Preclinical evaluation of newly identified therapeutic targets in pediatric acute myeloid leukemia

01 October 2021 → 30 September 2024
Funding by bilateral agreement (private and foundations)
Research disciplines
  • Medical and health sciences
    • Hematology
    • Applied immunology
    • Hematology
    • Applied immunology
    • Cancer therapy
acute myeloid leukemia Cancer immunotherapy
Project description

Acute myeloid leukemia (AML) is a rare disease in pediatrics and the diagnosis is made in 10-15 patients per year in Belgium. Although the overall survival is improved in the previous decades, survival rates are currently not exceeding 60-70% despite intensive chemotherapy regimens and for some children also stem cell transplantation. The recent success of chimeric antigen receptor (CAR) T-cel therapy directed towards CD19 and the CD19-Bispecific T-cell Engager (BiTE) Blinatumomab in the treatment of B-cell acute lymphoblastic leukemia (ALL) has demonstrated the feasibility of applying immunotherapies in childhood cancer, but also highlighted some of the pitfalls that may be encountered in its early phase development. The fundamental biological factor limiting the extension of immunotherapy for the treatment of AML is the lack of a leukemia-specific antigen, or an antigen shared by haematopoietic stem and progenitor cells whose sustained depletion could be clinically tolerated.
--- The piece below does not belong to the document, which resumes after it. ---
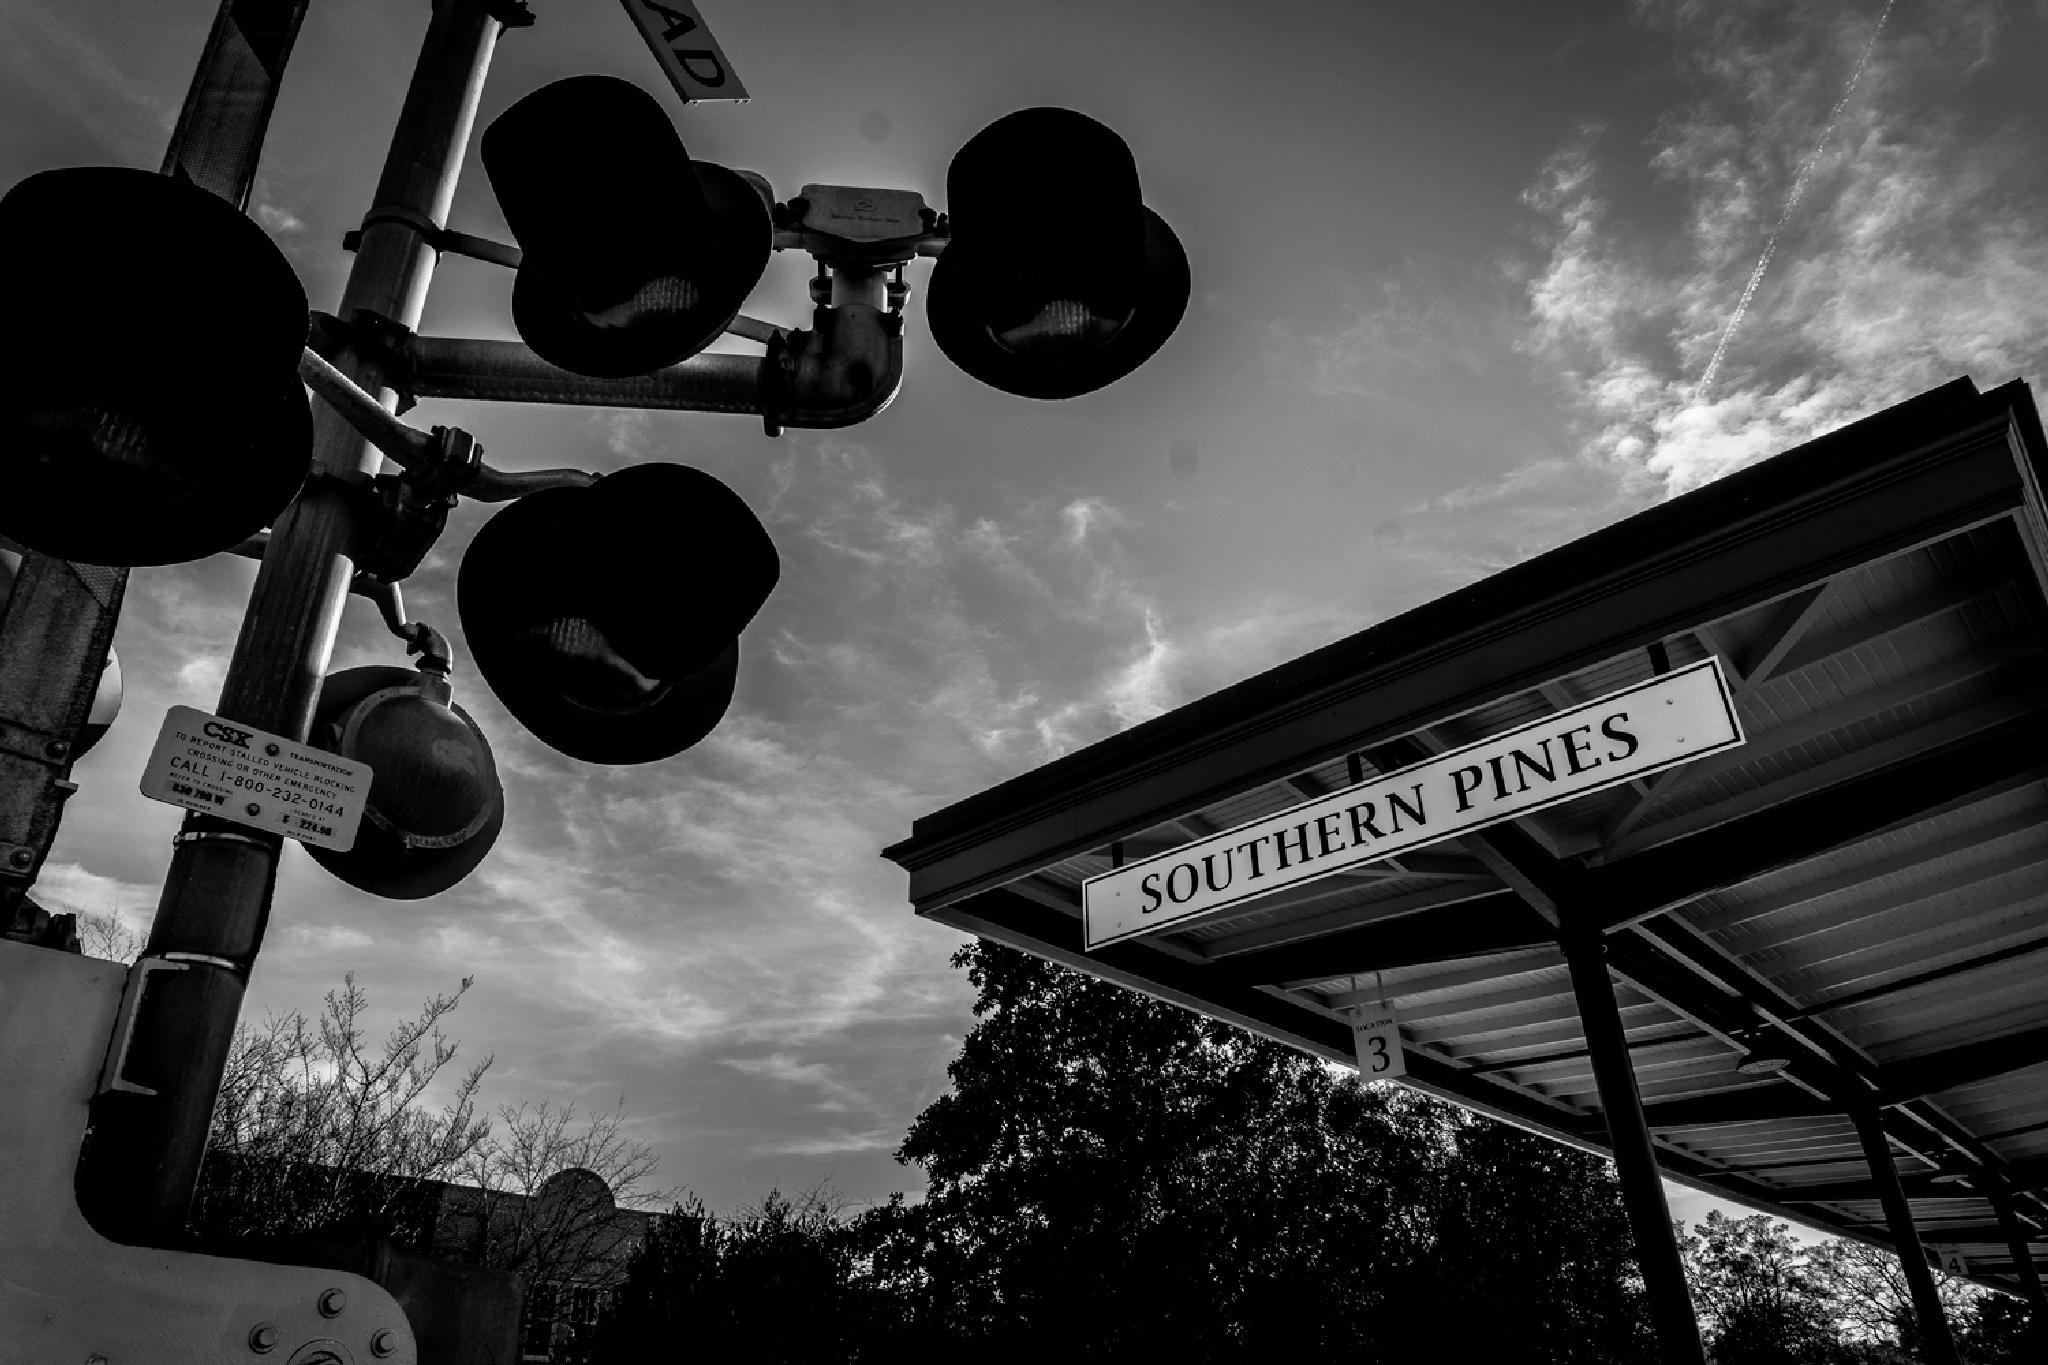 Lights and the Plattform by NaturesVeiwsPhotography

Within the framework of a successful previous research project (2016-2020, FWO fellowship Barbara Depreter) we obtained a global picture of the transcriptome characterizing pediatric AML, and specifically, leukemic stem cells (LSCs). We identified TARP to be highly expressed in leukemic cells, including therapy resistant LSCs, of a subgroup of patients, while absent in normal counterparts (Depreter et al., 2019; Depreter et al. 2020).

TARP expression is only found in a subset of pediatric AML (FLT3-ITD AML; +/- 15% of all cases) which will limit its clinical applicability, and translation to clinical studies will be hampered by competing phase 2-3 trials using FLT3-inhibitors in the same patient cohorts. Therefore, we will focus on other prime candidate immunotargets (EMP1 and ANXA2) that were already identified in the above-mentioned research project evaluating the transcriptome of pediatric AML disease. In the current project, we wish to use the experiences gained through TARP evaluation to further investigate the potential of these additional targets. This will contribute to development of a broader arsenal of novel therapeutic options for relapsed pediatric AML. The feasibility and progress of this project will benefit strongly from the experimental pipeline in place, and hurdles already taken in the TARP project.